Pictures aside, print all of the data below exactly as written.

> **Recorded data**:

• • • •

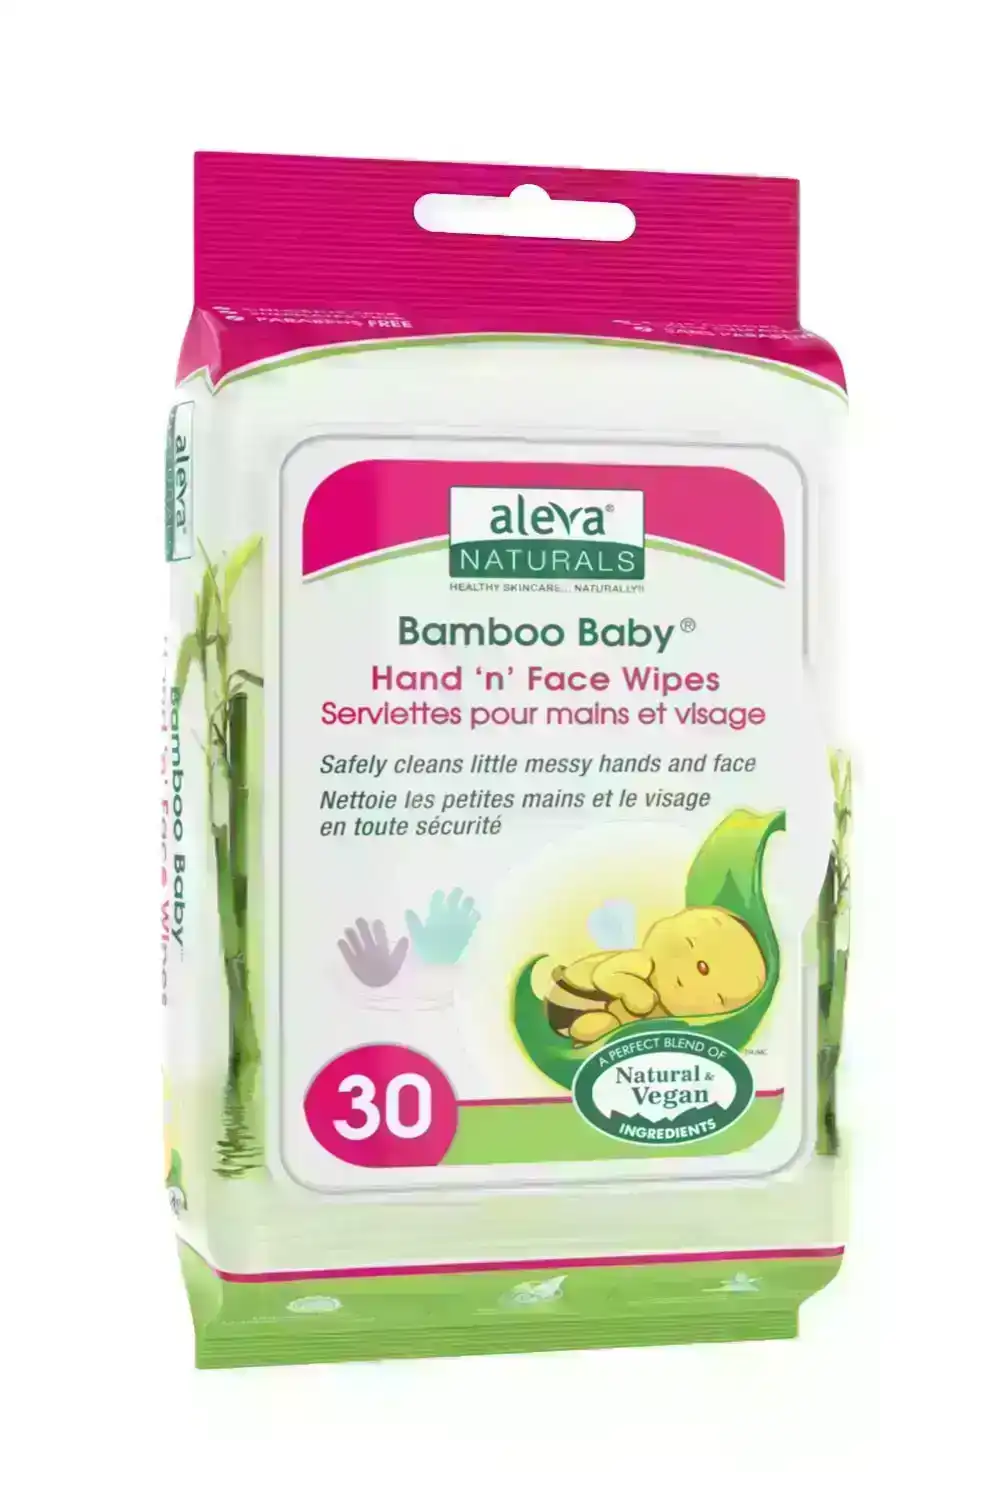 Aleva Organic/Vegan/Natural Bamboo Baby Hand 'n' Face Wipes - 30ct
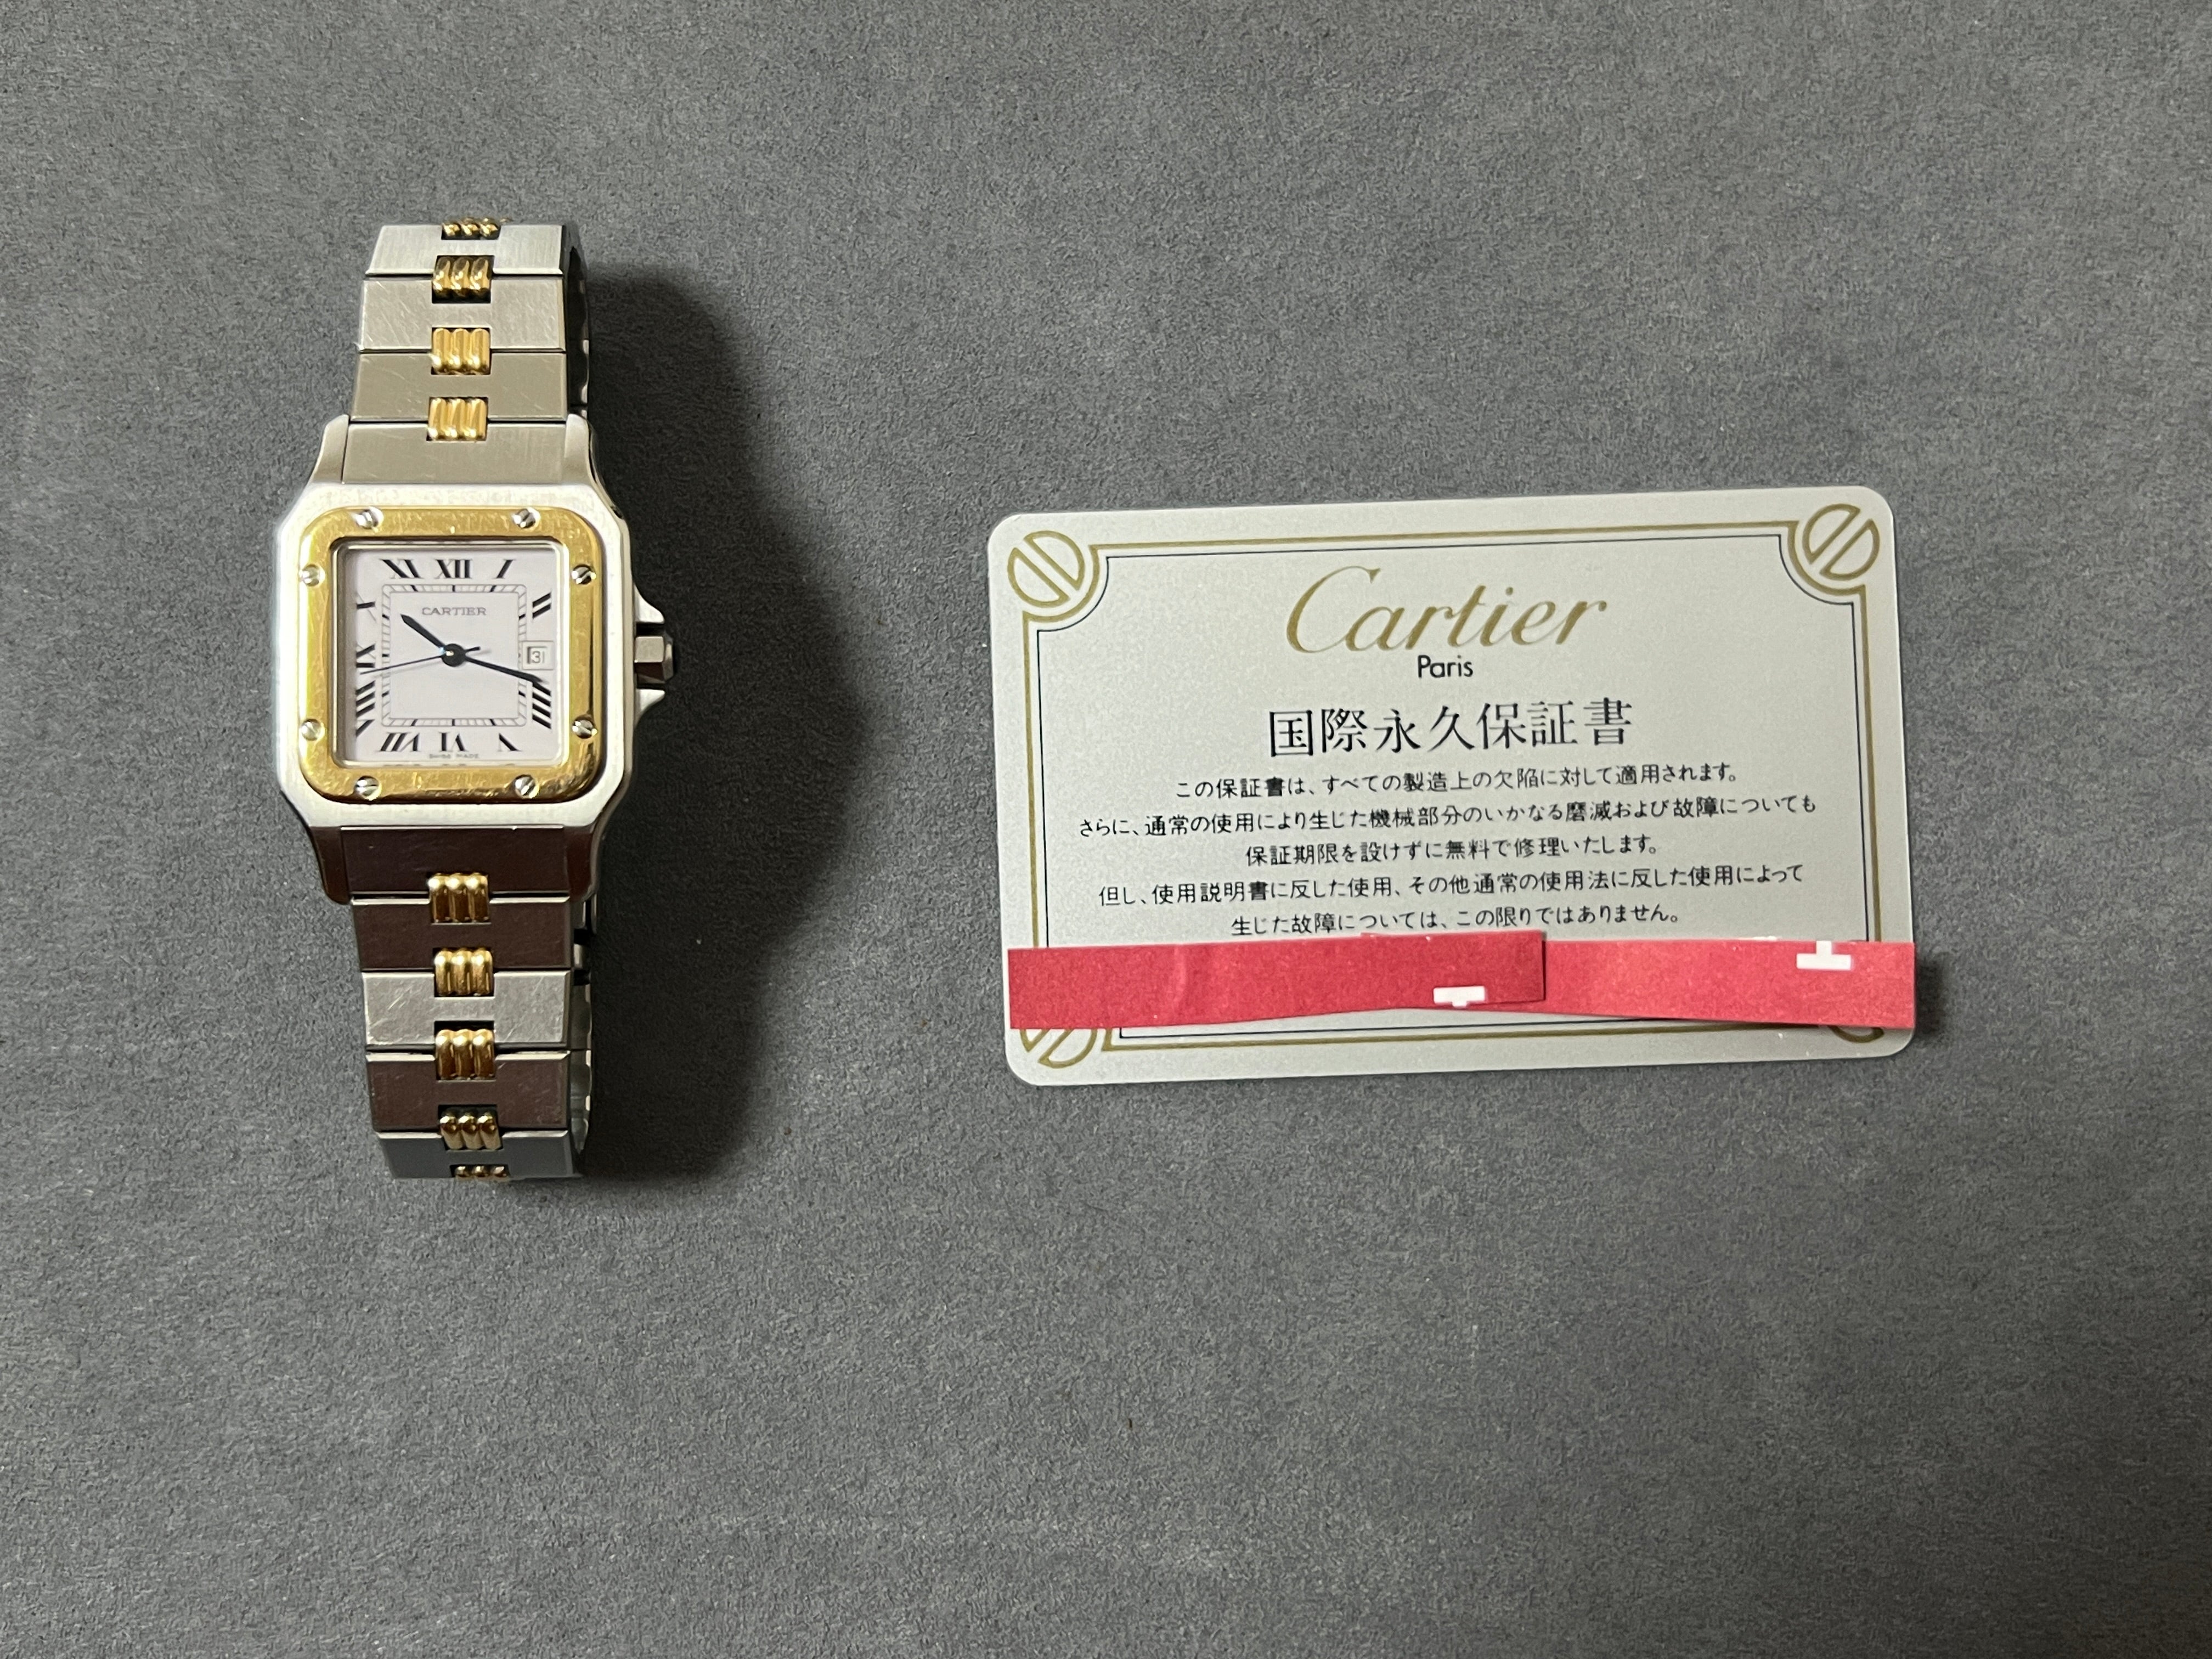 Cartier's "International Permanent Warranty"
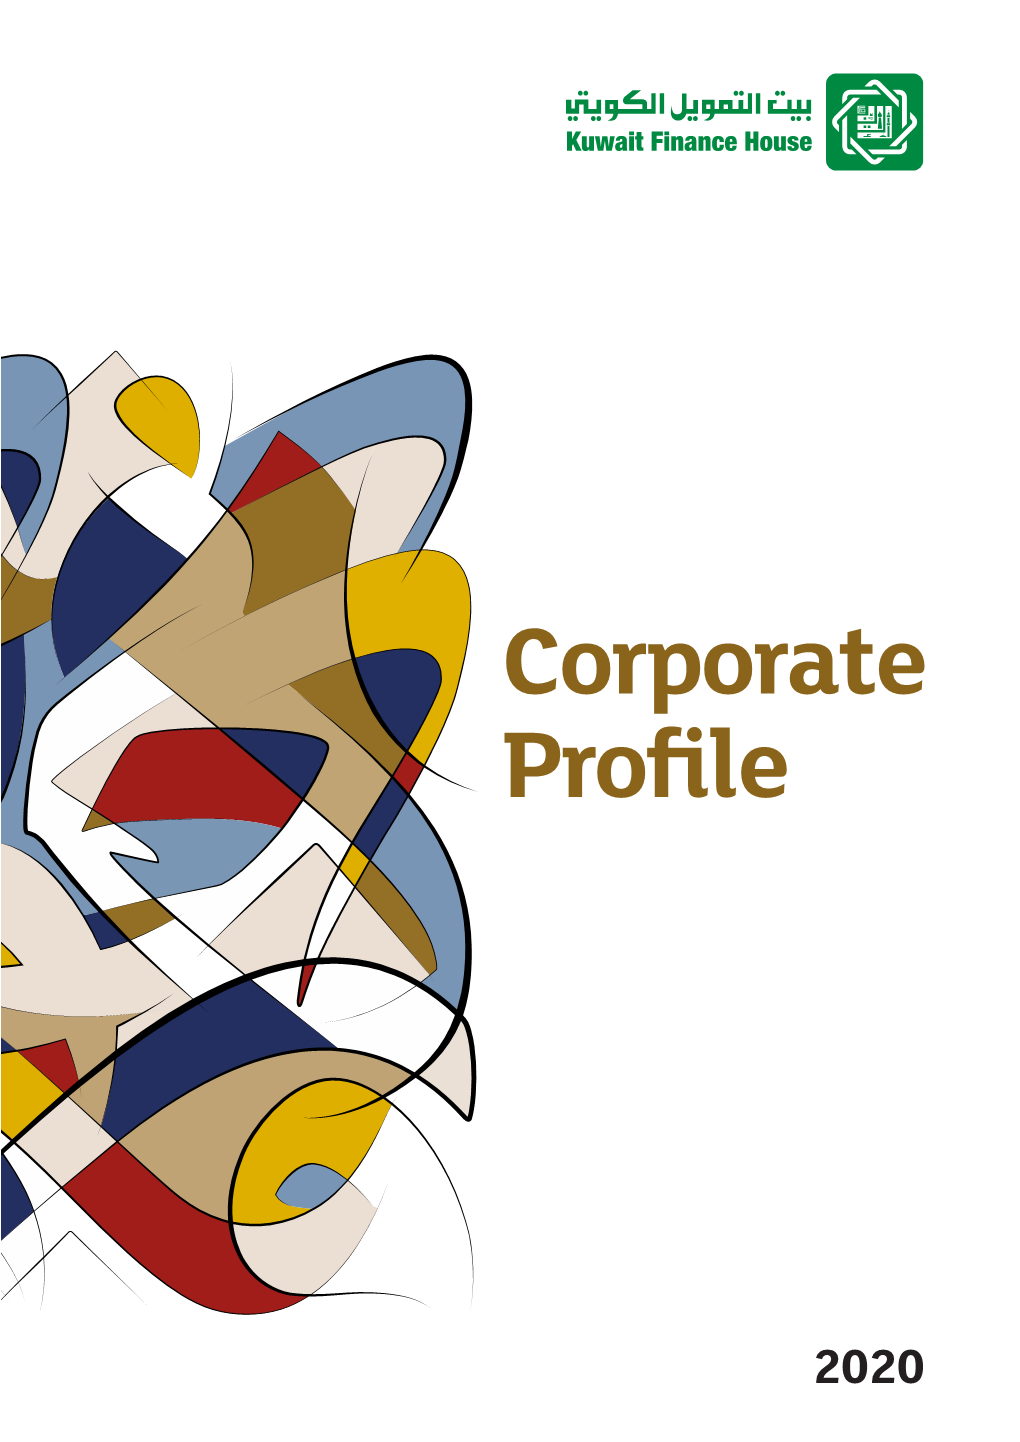 KFH Corporate Profile (En) 2020 14 JUN 21
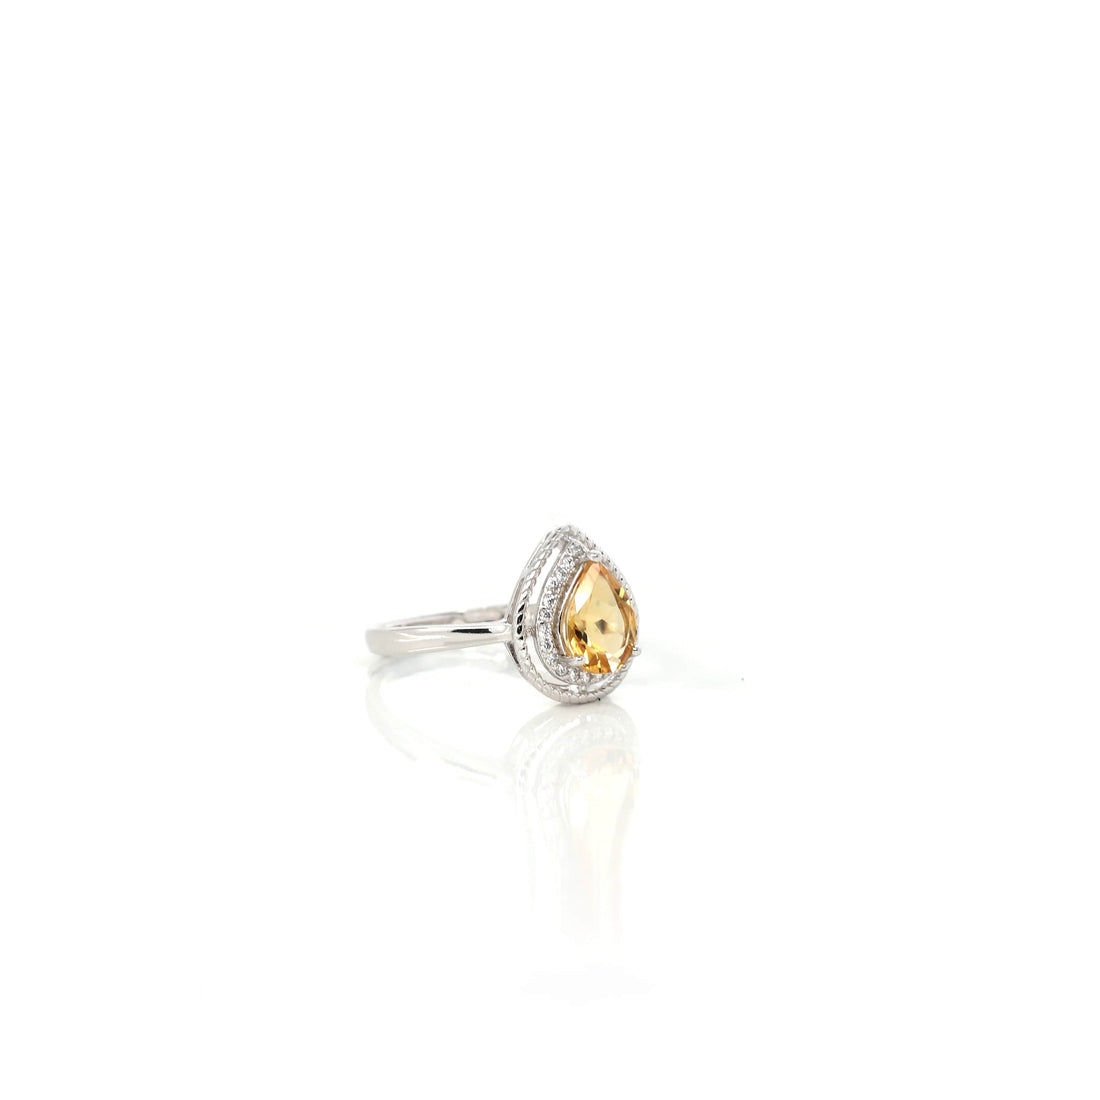 Baikalla Jewelry Gemstone Ring Sterling Silver Tear Drop Cut Citrine Ring

• • • •

> **Reply to the task**:
 Aleva Organic/Vegan/Natural Bamboo Baby Hand 'n' Face Wipes - 30ct
 Cartier's "International Permanent Warranty"
 KFH Corporate Profile (En) 2020 14 JUN 21
 Baikalla Jewelry Gemstone Ring Sterling Silver Tear Drop Cut Citrine Ring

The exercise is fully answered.